*Brief*
From the line with "Jeux d'eau du parc Florence-Lawless-Lacroix" to the line with "Ufficio in Benidorm, Centro, affitto", retype each line exactly as it stands in the records below, but skip the pictures.

*Data records*

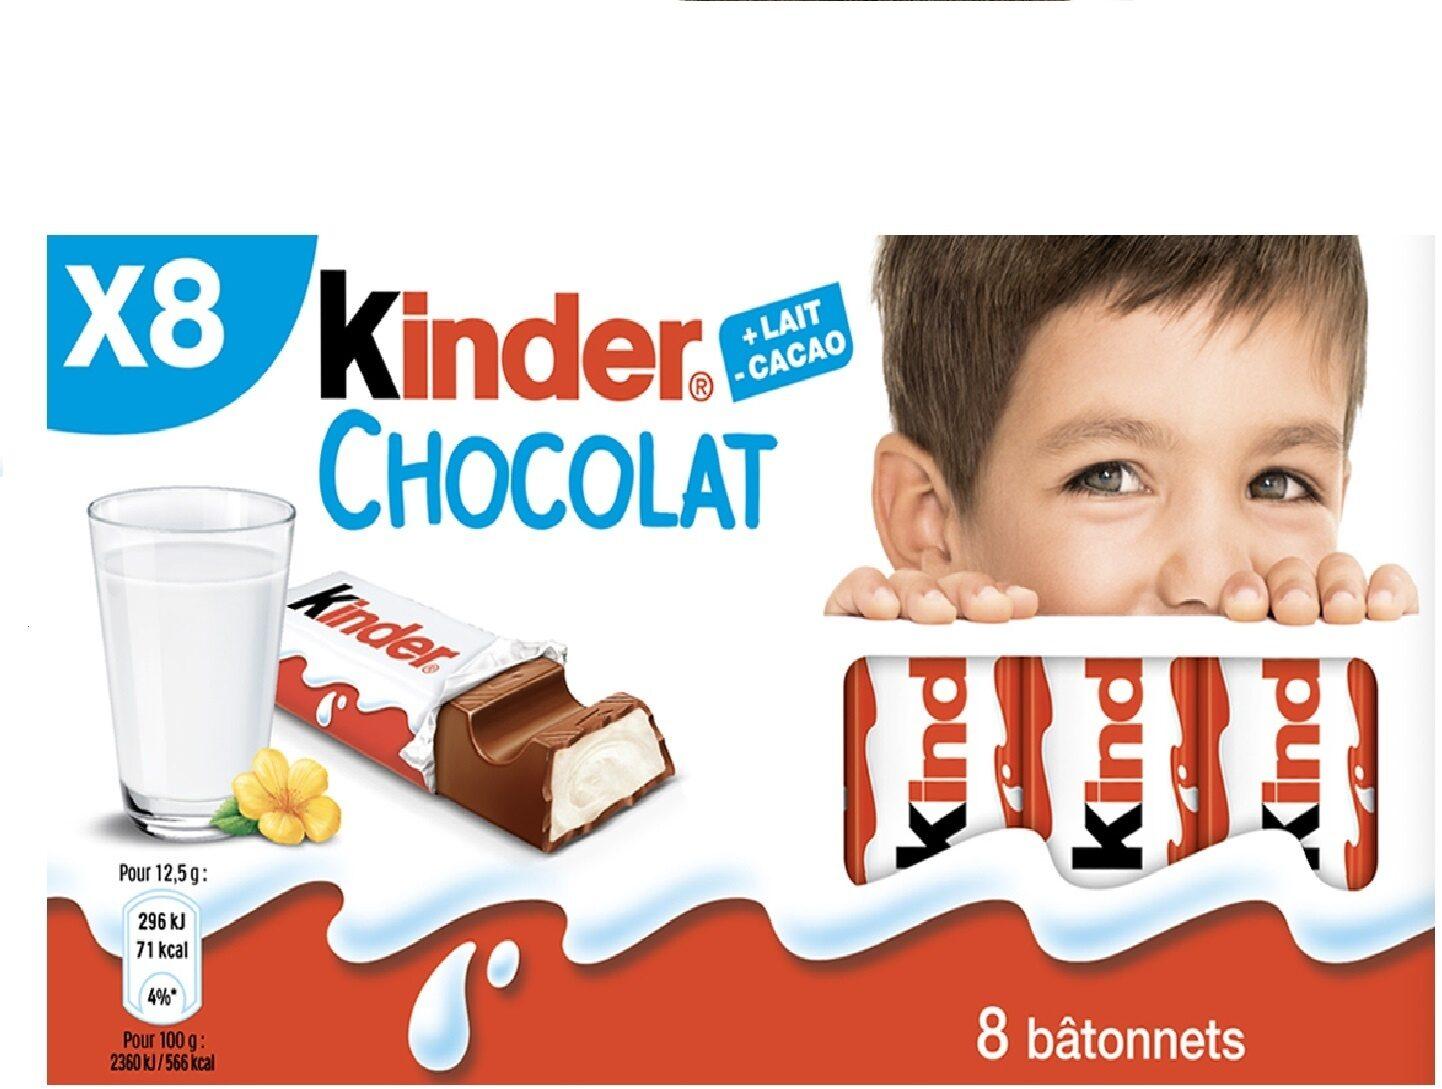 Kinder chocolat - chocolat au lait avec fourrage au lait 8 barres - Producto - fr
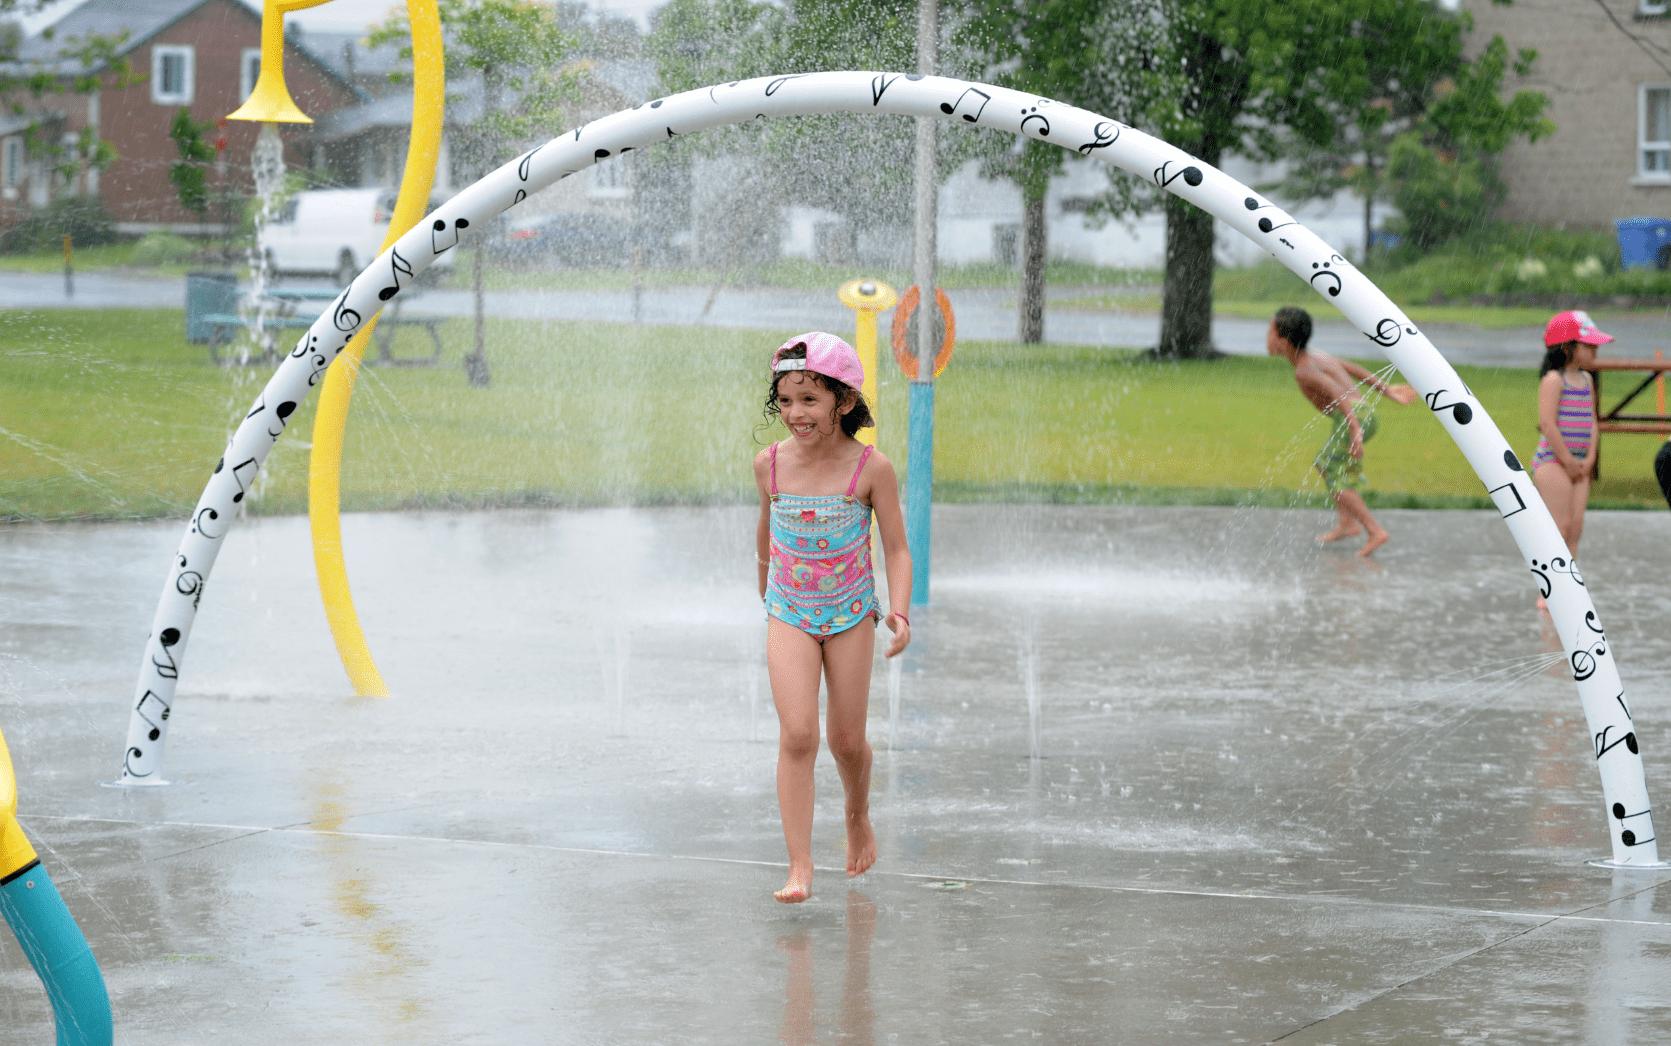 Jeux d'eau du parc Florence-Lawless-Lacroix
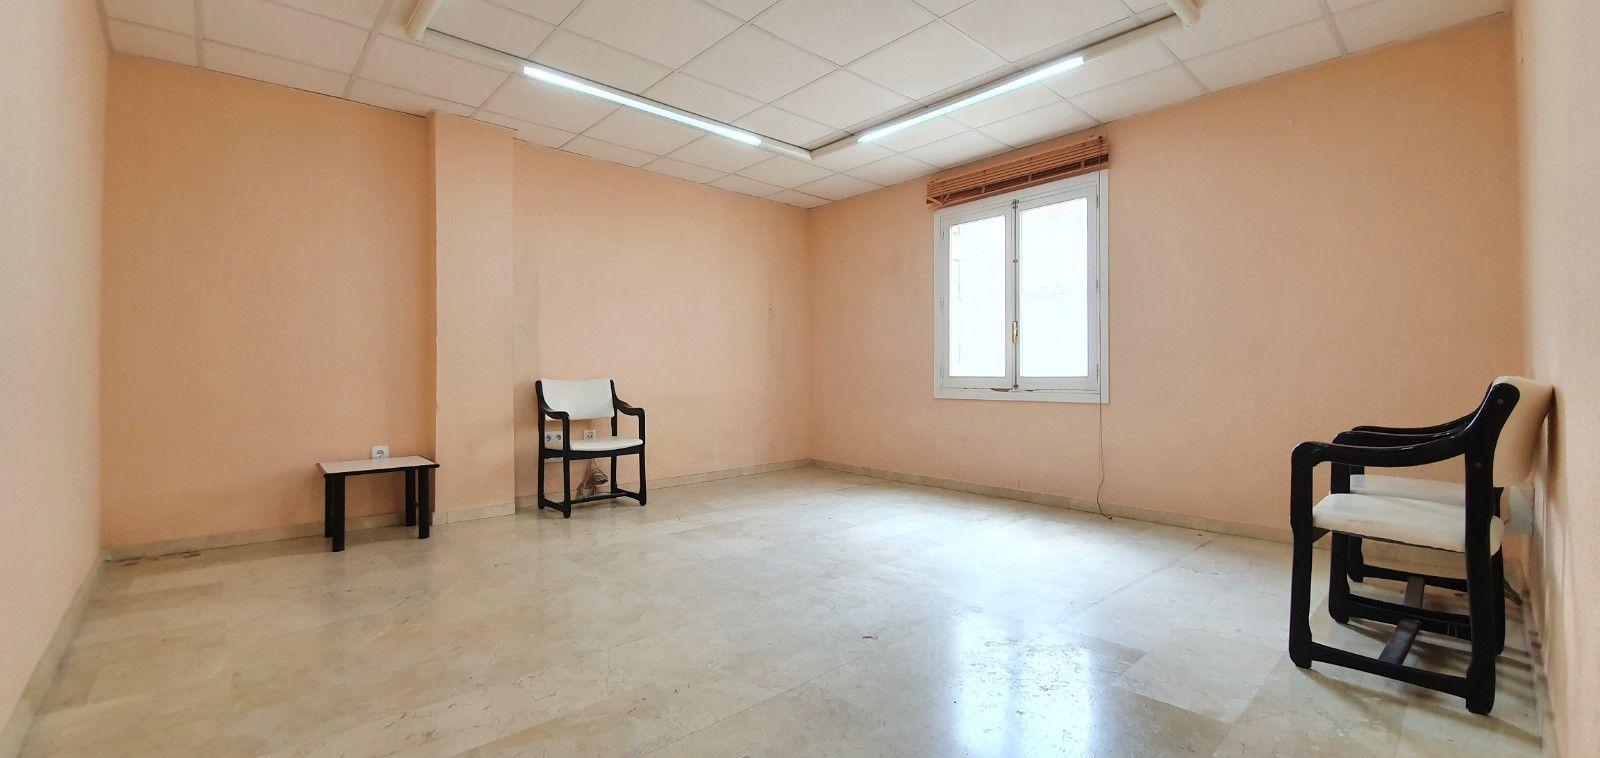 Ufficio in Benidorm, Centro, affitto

==

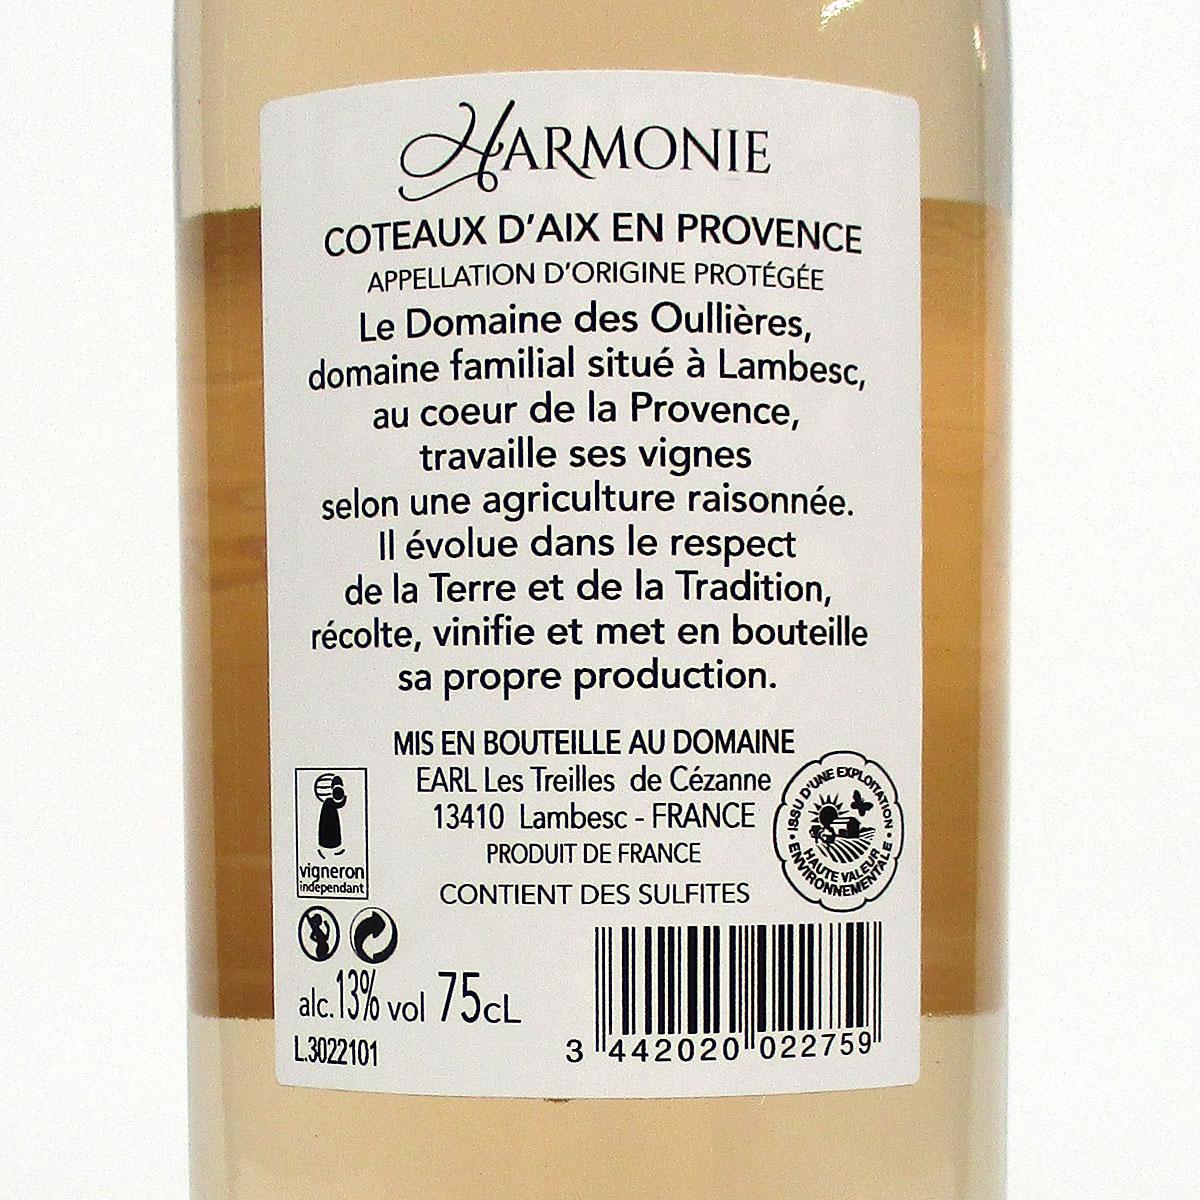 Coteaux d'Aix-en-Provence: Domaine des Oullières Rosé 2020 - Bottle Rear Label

--

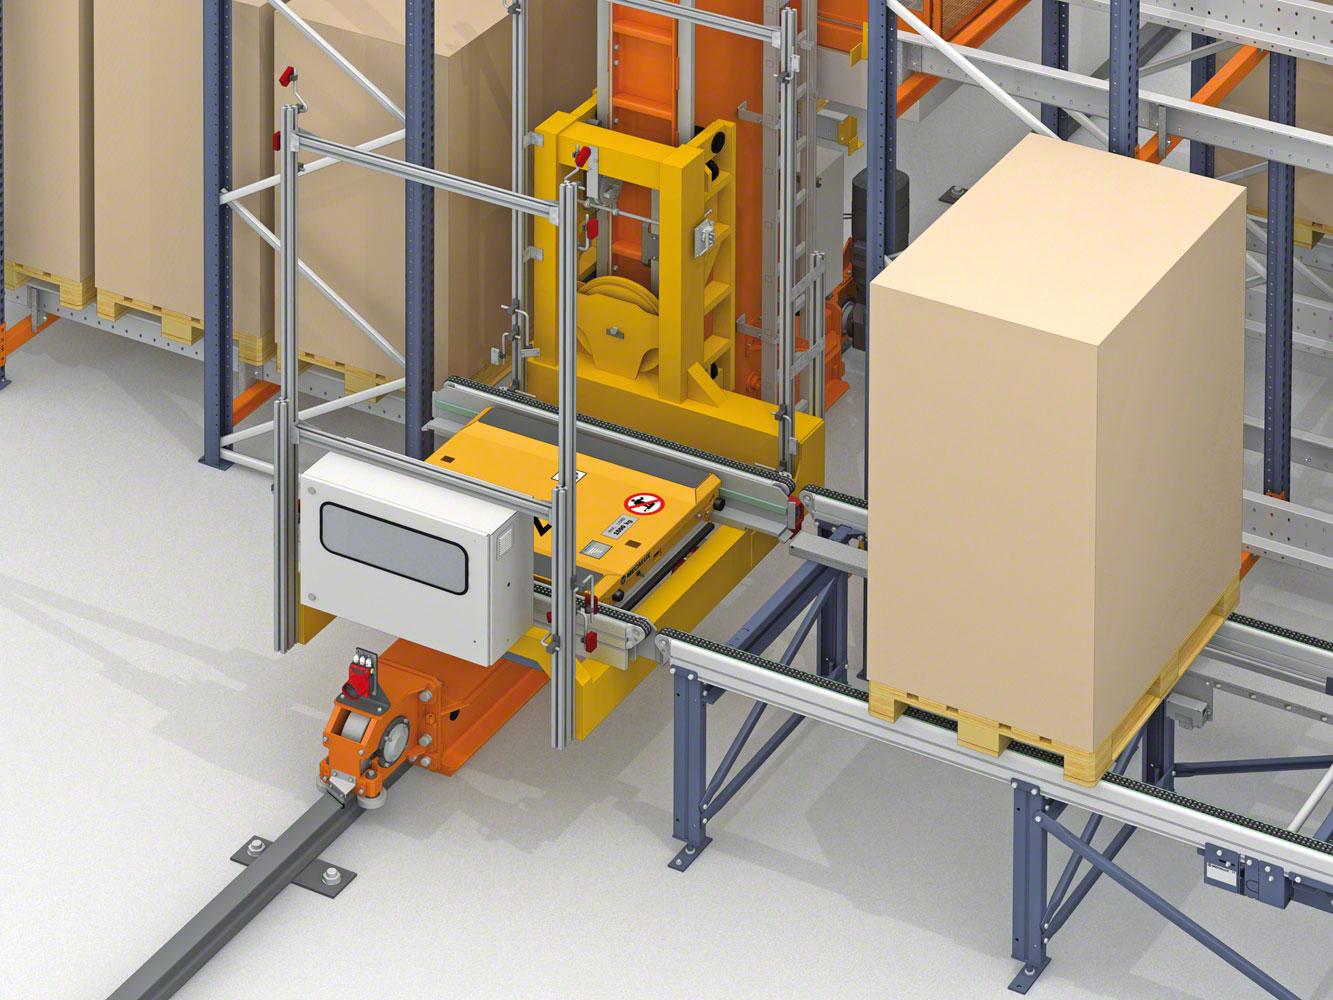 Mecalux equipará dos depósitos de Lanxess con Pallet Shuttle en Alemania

*Output for this task*
 Jeux d'eau du parc Florence-Lawless-Lacroix
 Ufficio in Benidorm, Centro, affitto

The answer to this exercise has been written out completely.